Wer Freiheit hat oder glaubt, genug Freiheit zu haben, erfreut sich ihrer, als sei sie selbstverständlich. Ihm geht leicht das Bewusstsein dafür verloren, dass Freiheit ständig bedroht ist und stets aufs Neue verteidigt sein will. Denn selbstverständlich ist Freiheit nie: In zu vielen Ländern herrscht wenig Freiheit oder wird Freiheit unterdrückt. Was ist Menschen die Freiheit wert? Sollen sie darüber befinden, äußern sie hierzu ihre subjektive Empfindung, und die kann unterschiedlich ausfallen. Objektive Merkmale für das, was Freiheit ist, fallen dabei unter den Tisch. Für Menschen ohne oder mit nur wenig (subjektiver und objektiver) Freiheit hat sie einen hohen Wert, weil sie die gewünschte Freiheit schmerzlich vermissen. Menschen, die mehr oder ganz viel davon haben, sind sich dieses Komforts häufig nicht bewusst und müssen erst mit der Nase darauf gestoßen werden. Über die Wertschätzung der Freiheit in Deutschland informiert alljährlich das John-Stuart-Mill-Institut für Freiheitsforschung in Heidelberg. Aus seinen Erhebungen ermittelt es einen Freiheitsindex. Anhand dessen lässt sich zeigen, ob und wie sich die Wertschätzung verändert hat. Den jüngsten Indexwert hat das Mill-Institut am 27. September in Berlin vorgestellt. Was ist das Ergebnis?
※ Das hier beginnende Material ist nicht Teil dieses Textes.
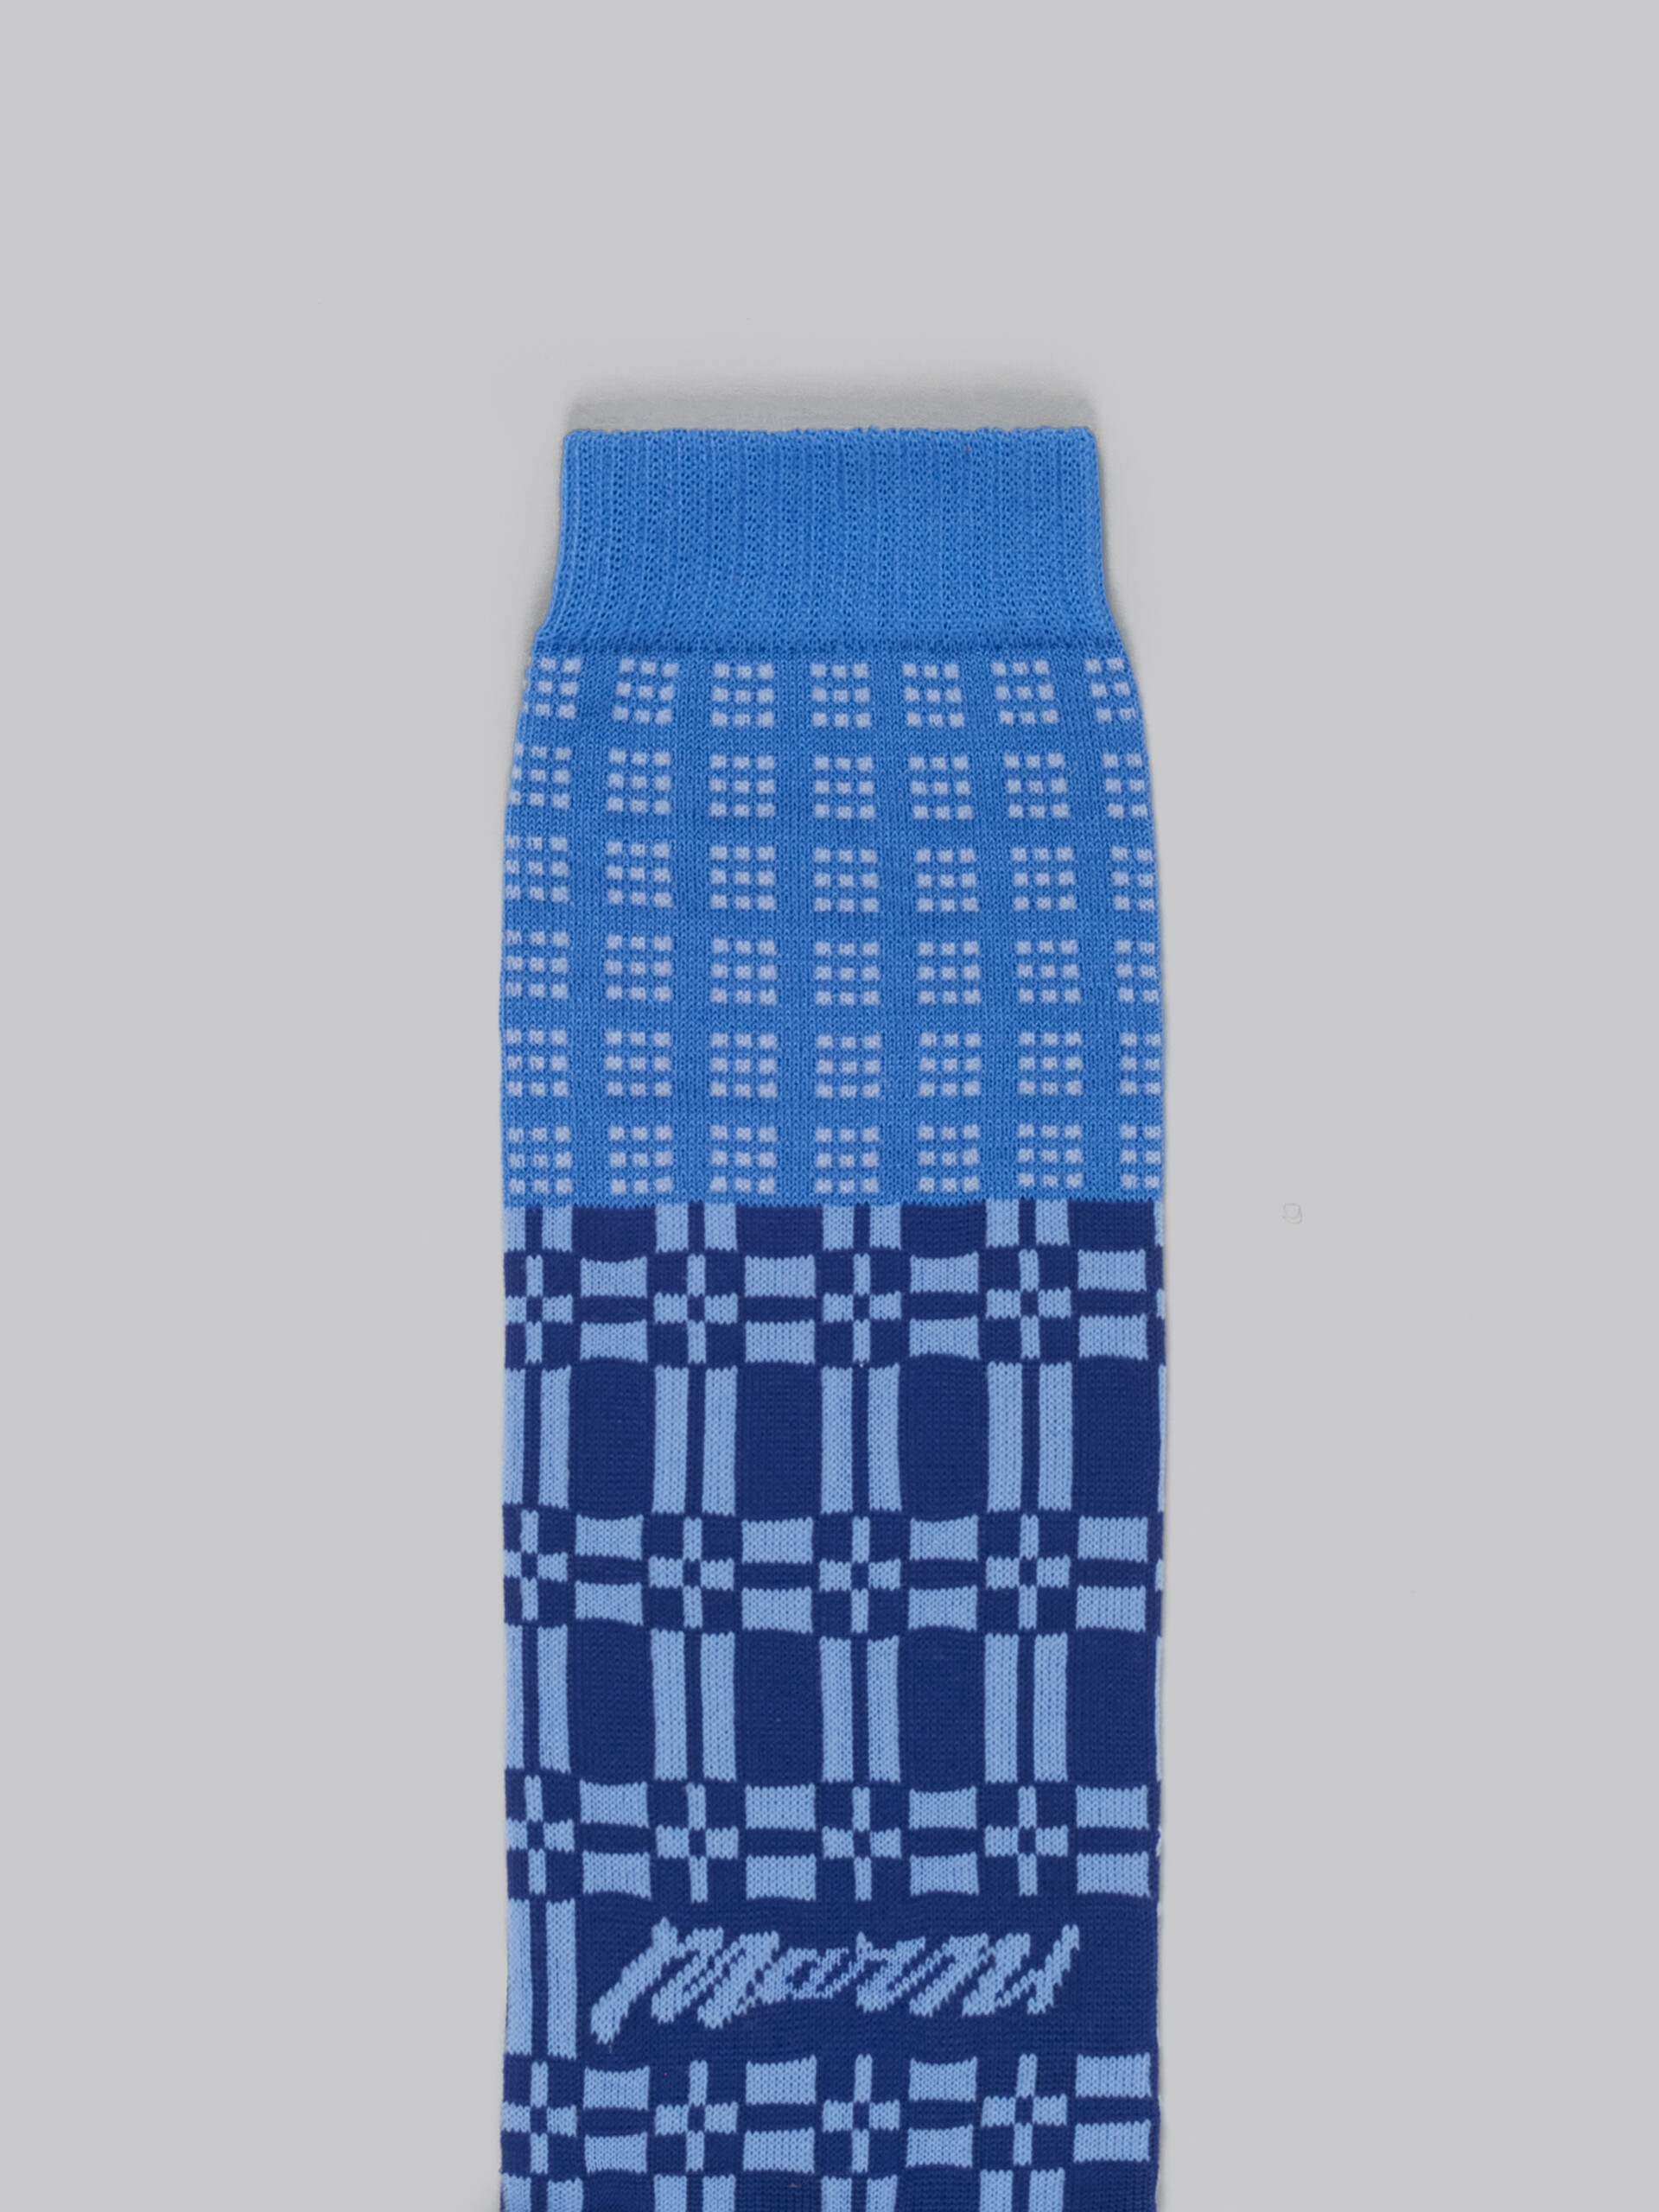 Blue socks with geometric patterns - Socks - Image 3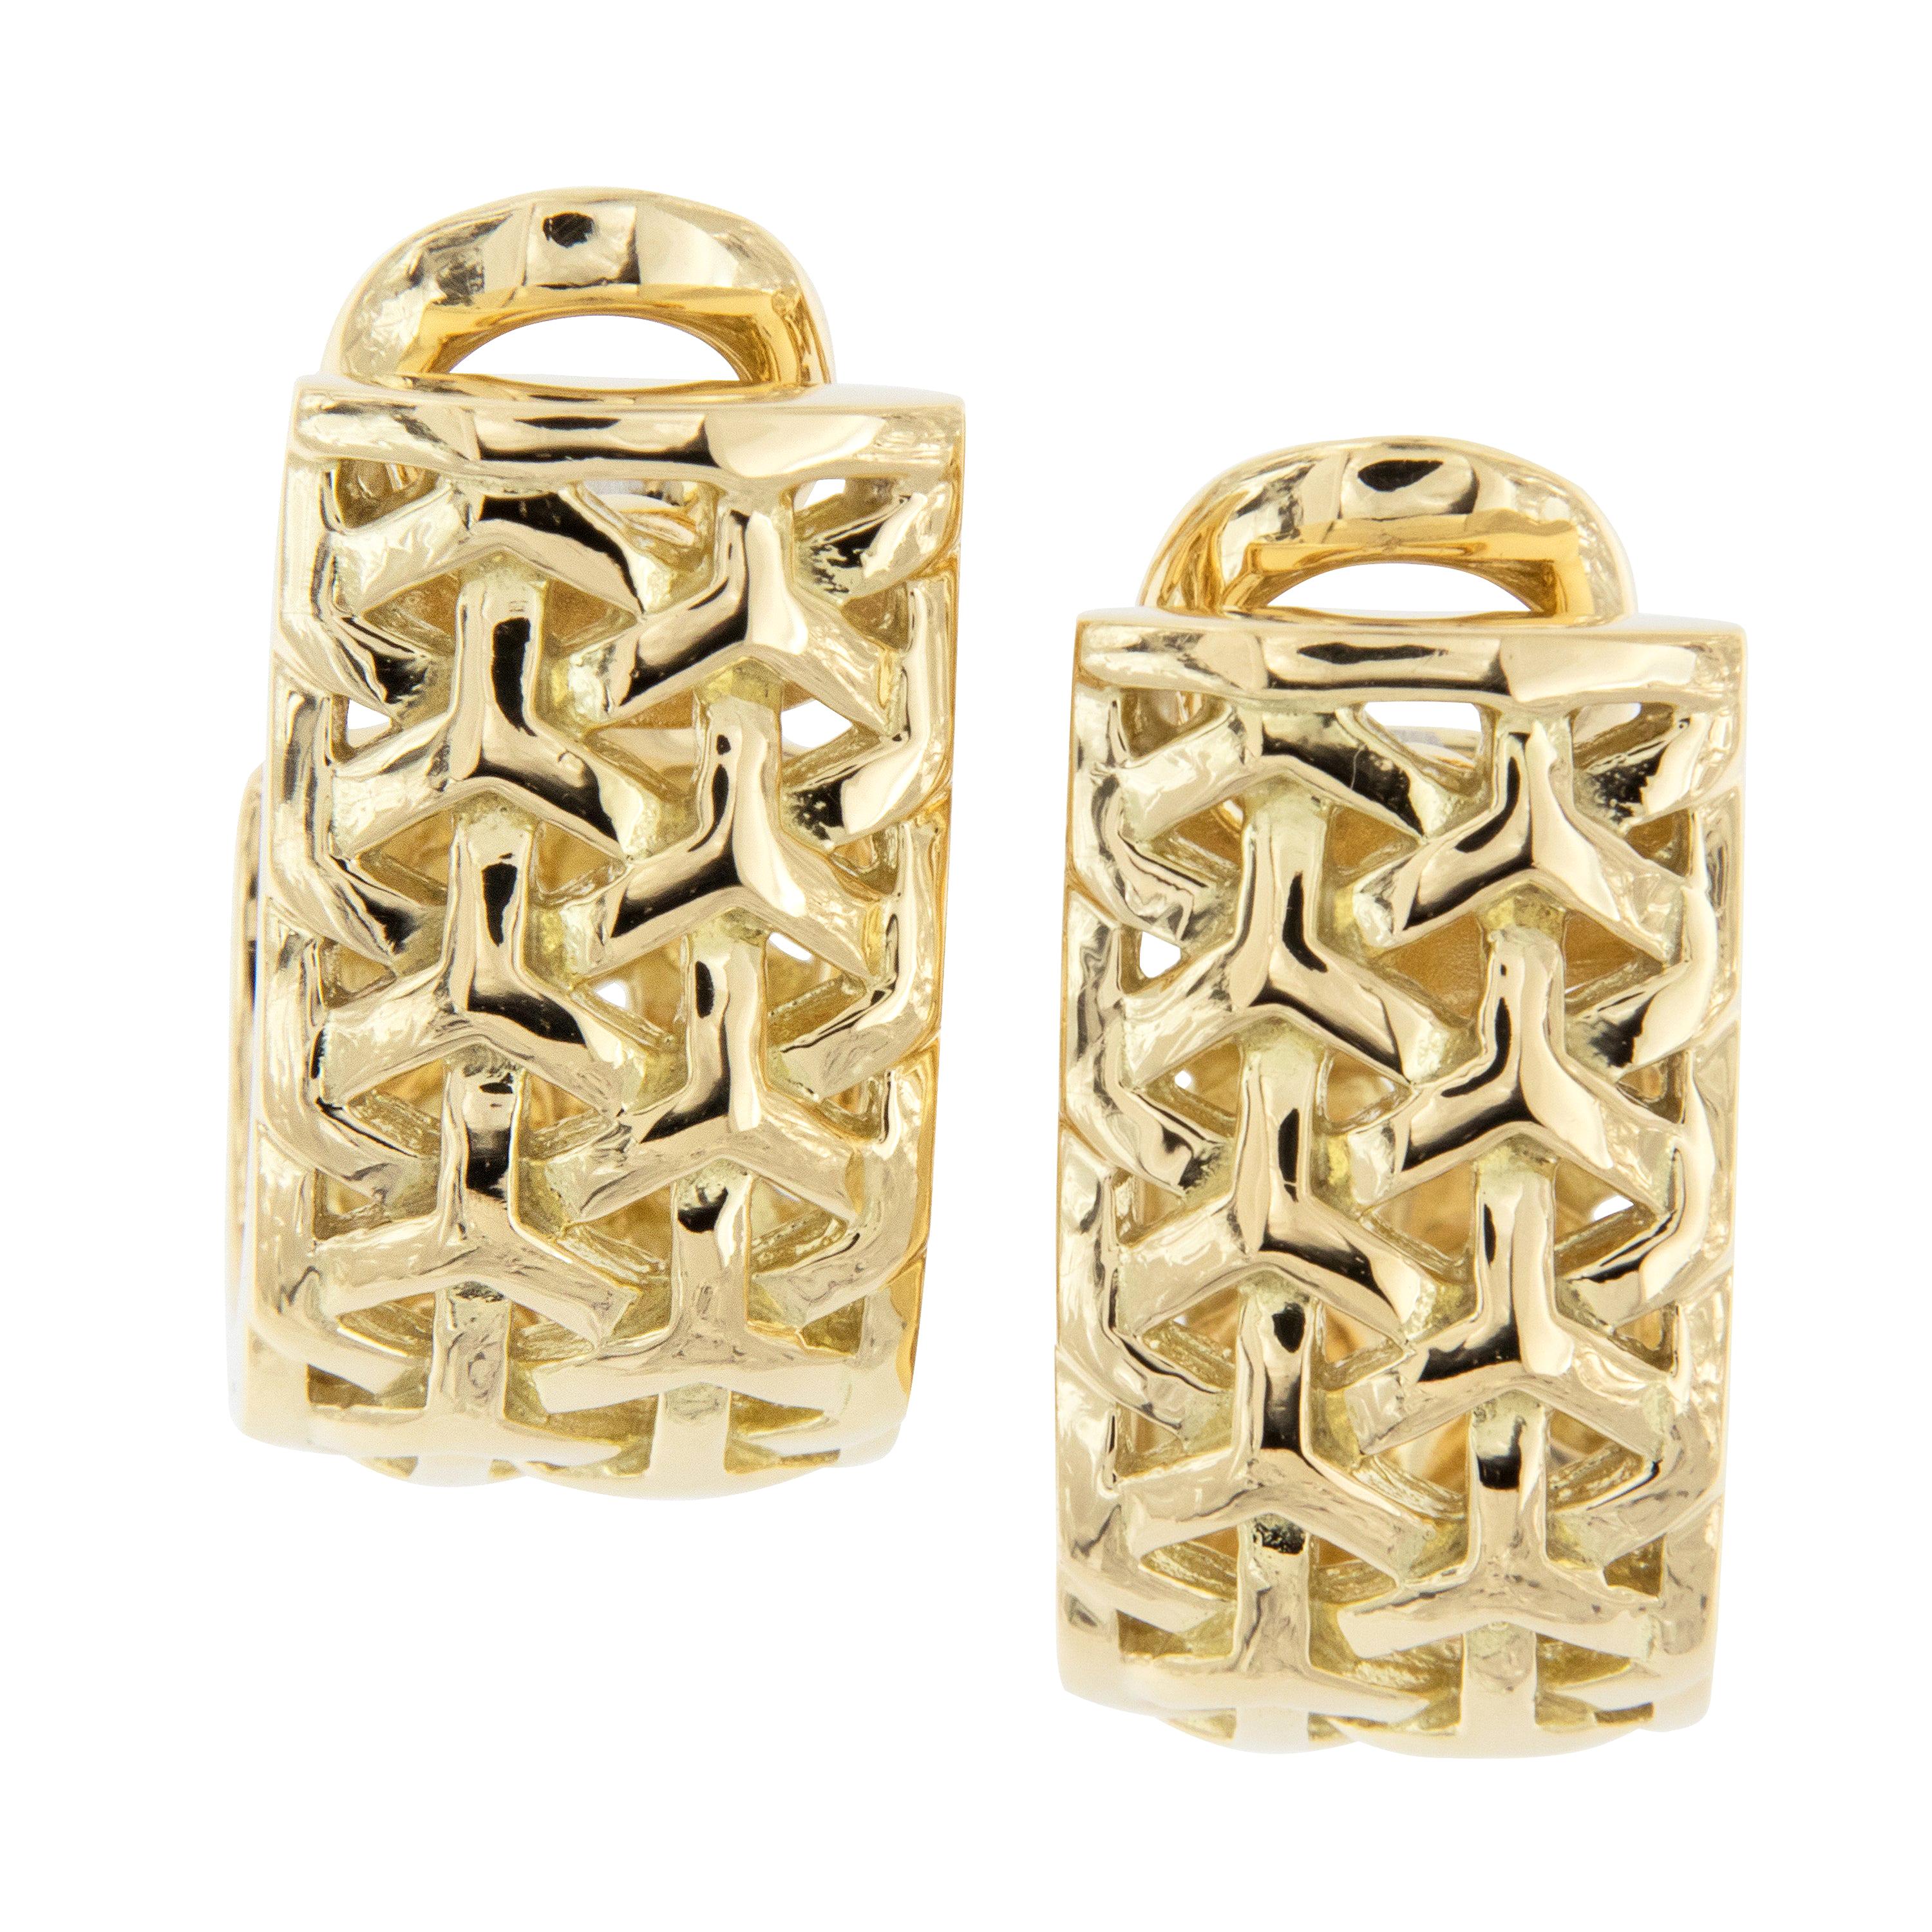 18 Karat Yellow Gold "Y Knot" Earrings by Gemlok

Mehr Sehnsucht nach Gleichheit, mehr Verlangen nach Verboten

Gemessen an diesem „Freiheitsindex 2016“ hat die Wertschätzung der Freiheit im Vergleich zu den Vorjahren insgesamt zugenommen. Die analysierte Medienberichterstattung ist freiheitsgeneigter als im Vorjahr. Die Bevölkerung bekundet ein hohes subjektives Freiheitsgefühl. Doch im Vergleich zu den Vorjahren geben abermals mehr Befragte an, dass man im Rahmen öffentlicher Gespräche vorsichtig sein muss, seine Meinung frei zu äußern. Auch macht das Institut Einschränkungen wie diese deutlich: Die gesellschaftliche Wertschätzung der Freiheit bewege sich zwar noch im Rahmen der Vorjahre, aber auf der unteren Bandbreite. Demgegenüber nehme die Sehnsucht nach Gleichheit deutlich zu. Auch die Forderung nach Verboten nehme wieder leicht zu. Das subjektive Freiheitsgefühl hingegen sei stärker geworden als im Jahr davor.

Der Freiheitsindex erstmals im positiven Bereich

Wie Ulrike Ackermann, die Gründerin und Leiterin des Mill-Instituts, erläutert, bildet der Index den Zustand der politischen und individuellen Freiheit in einer Zahl ab, und zwar auf einer Skala zwischen minus 50 (keine Freiheit) und plus 50 (maximale Freiheit). Relevant für die Messung der Freiheit sei dabei der Faktor Zeit, nämlich wie sich der vom Institut ermittelte Indikator im Verlauf der Jahre auf der Skala nach oben oder nach unten verschiebt. Für dieses Jahr sei im Vergleich zum Vorjahr eine aufsteigende Entwicklung zu verzeichnen: 2015 habe der Index minus 1 betragen und sei jetzt auf plus 0,33 gestiegen. Inzwischen zeige sich, „dass wir mit dem Index ein solides Instrument entwickelt haben, das uns eine längerfristige Qualität in den jährlich zu vergleichenden Ergebnissen liefert“.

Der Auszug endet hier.